### TASK DATA:
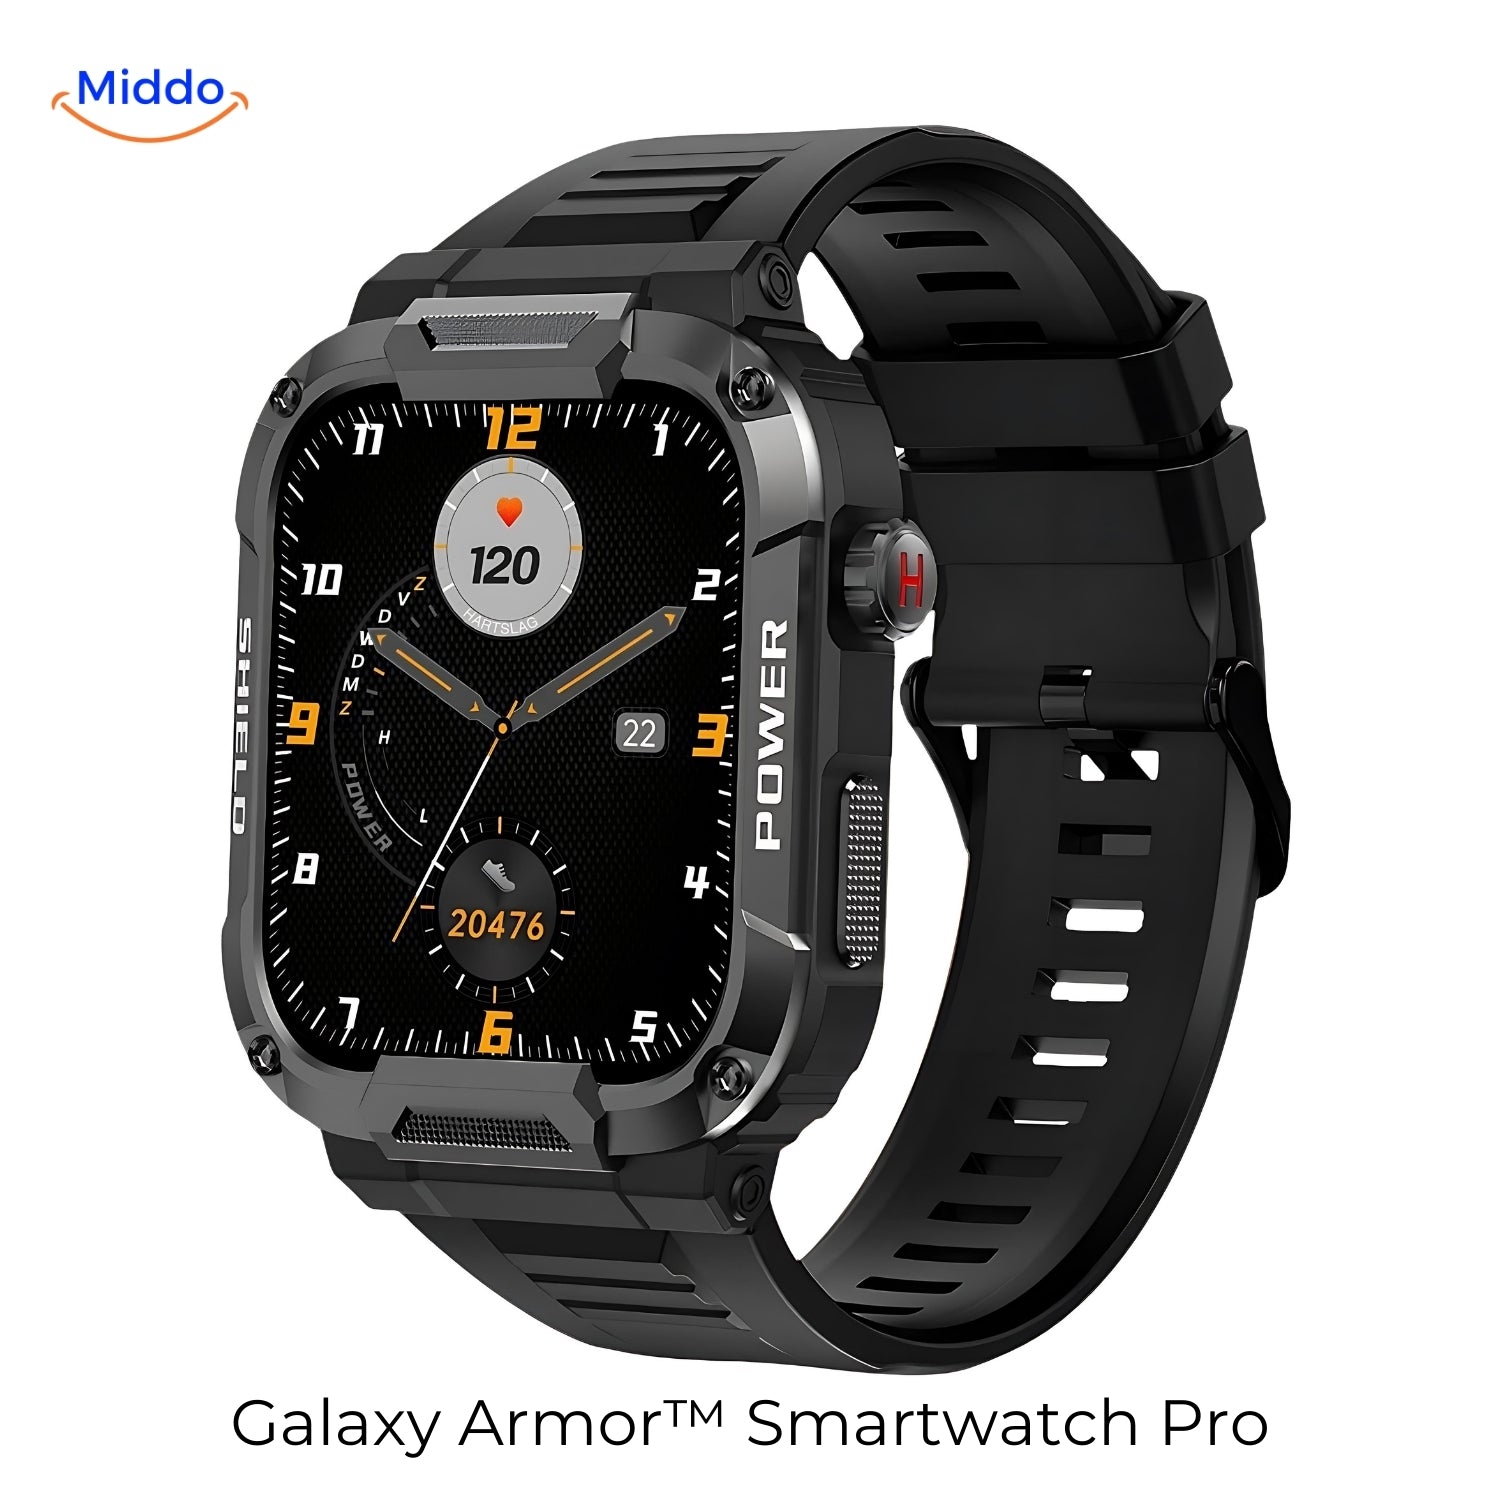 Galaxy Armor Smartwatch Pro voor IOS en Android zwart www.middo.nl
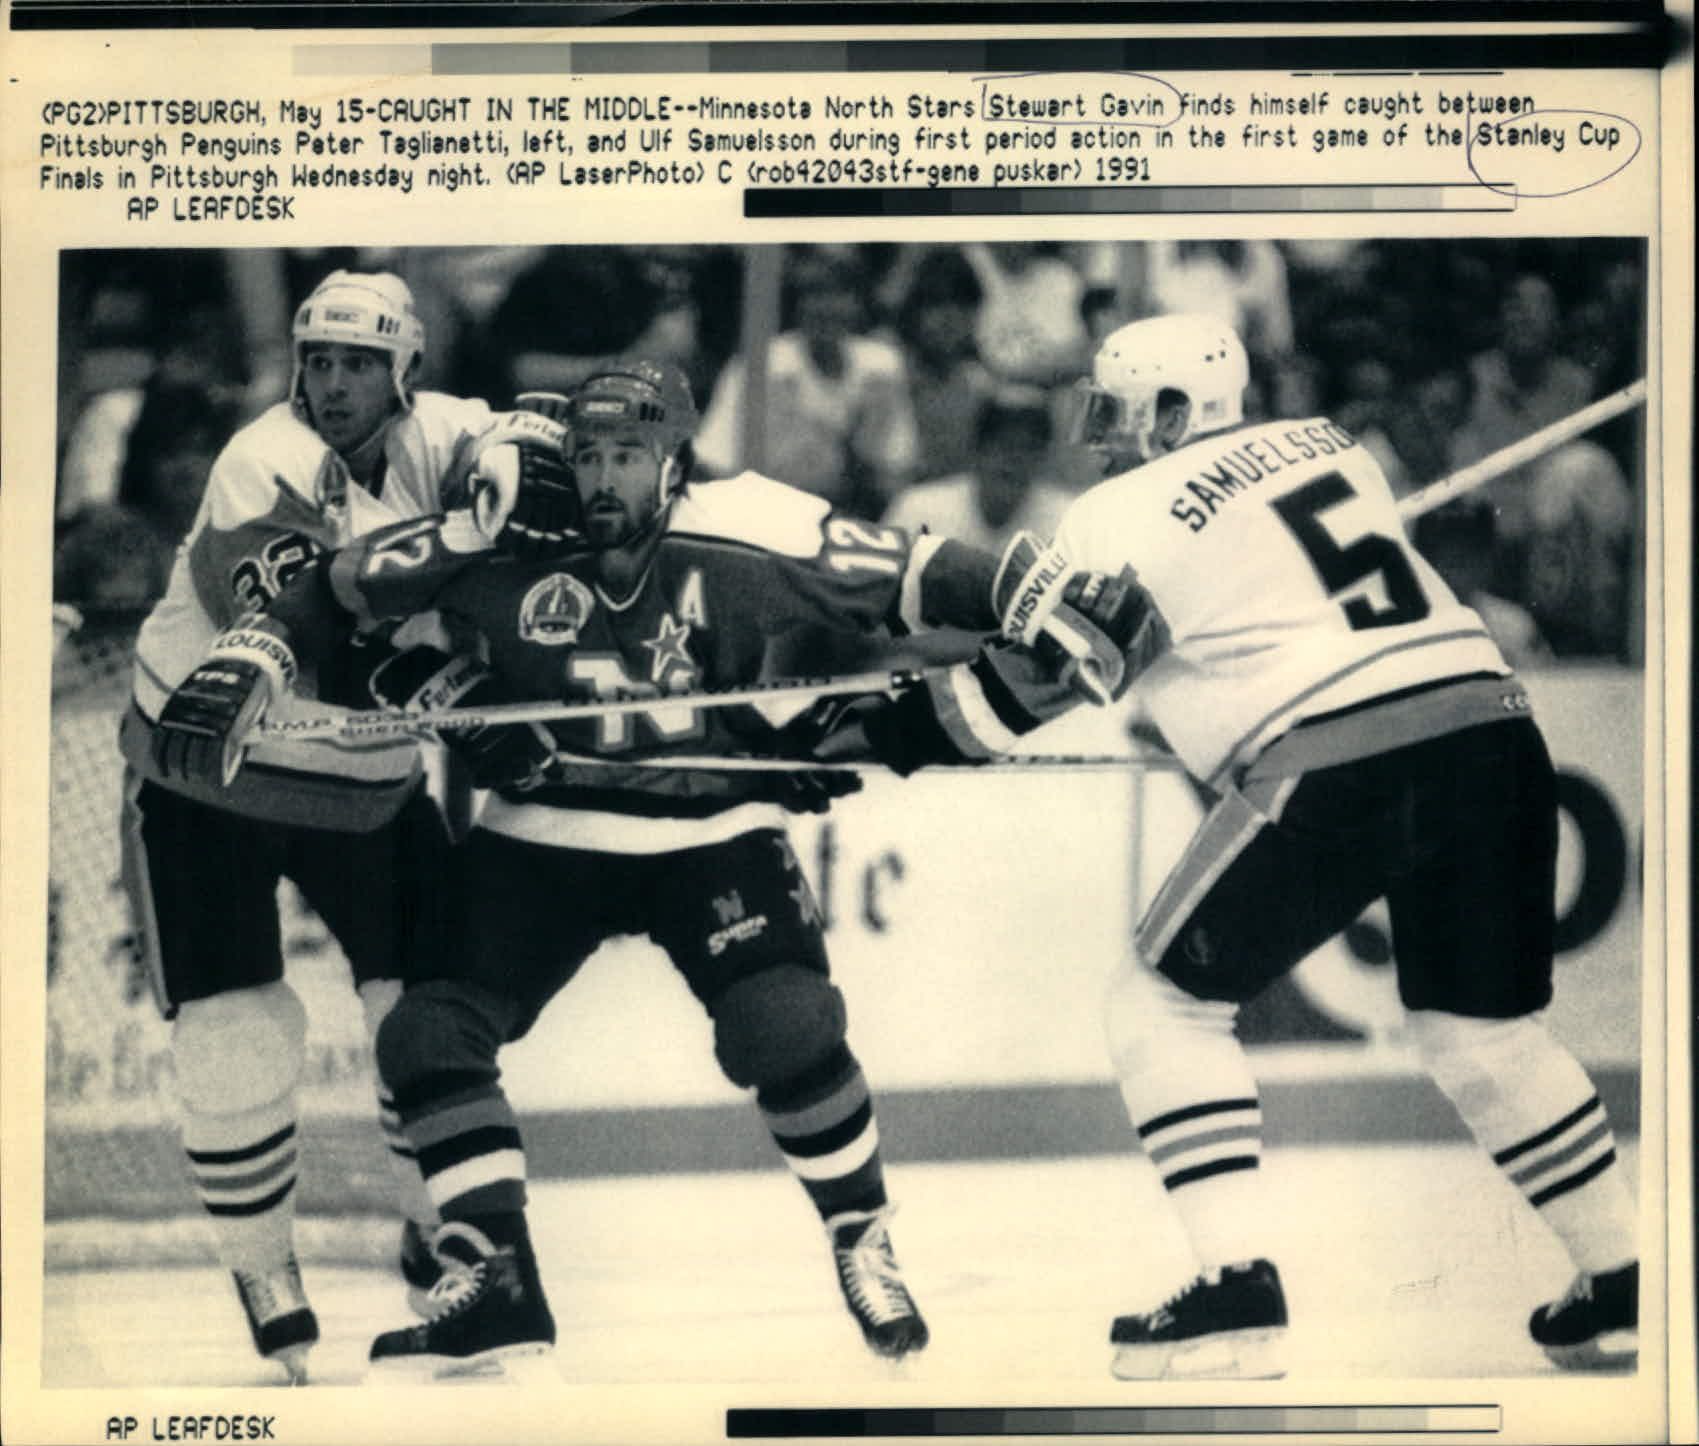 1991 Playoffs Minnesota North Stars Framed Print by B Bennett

==

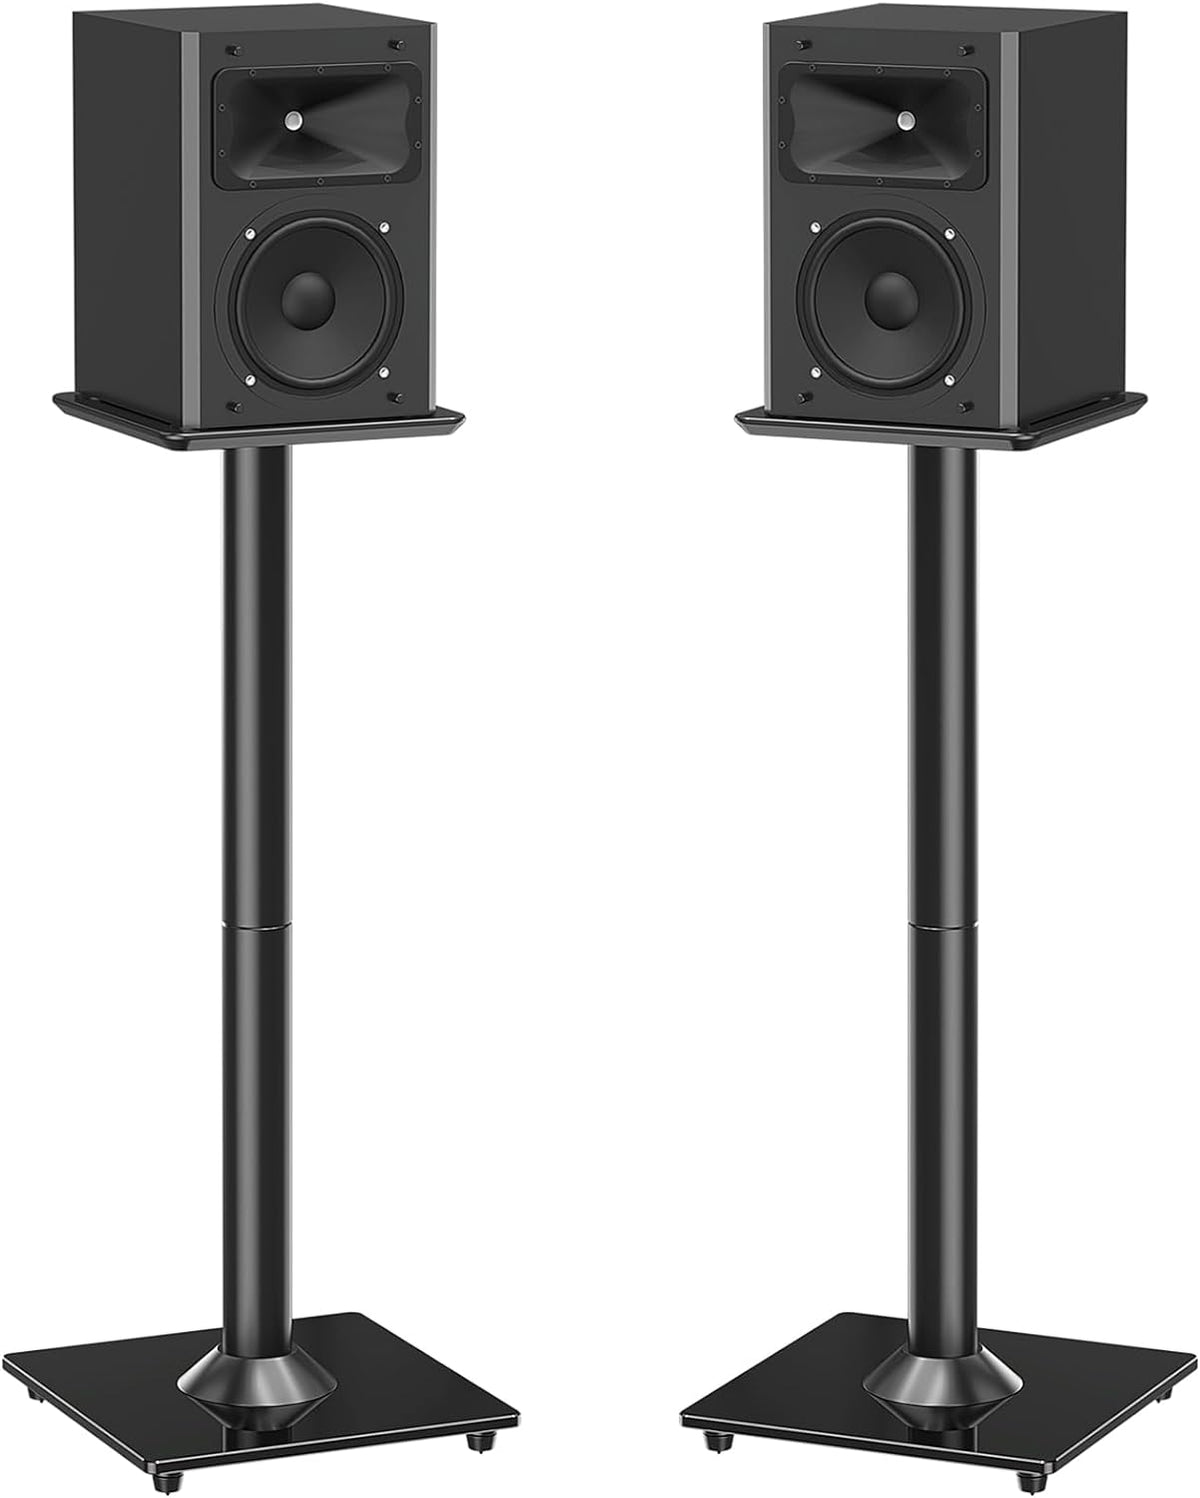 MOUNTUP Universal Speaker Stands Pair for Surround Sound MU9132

### WORK TO BE COMPLETED:
Copy word for word the lines of the records above from the one with "Galaxy Armor Smartwatch" up to and including the one with "1991 Playoffs Minnesota". Skip the pictures.

### ANSWER:
 Galaxy Armor Smartwatch Pro voor IOS en Android zwart www.middo.nl
 1991 Playoffs Minnesota North Stars Framed Print by B Bennett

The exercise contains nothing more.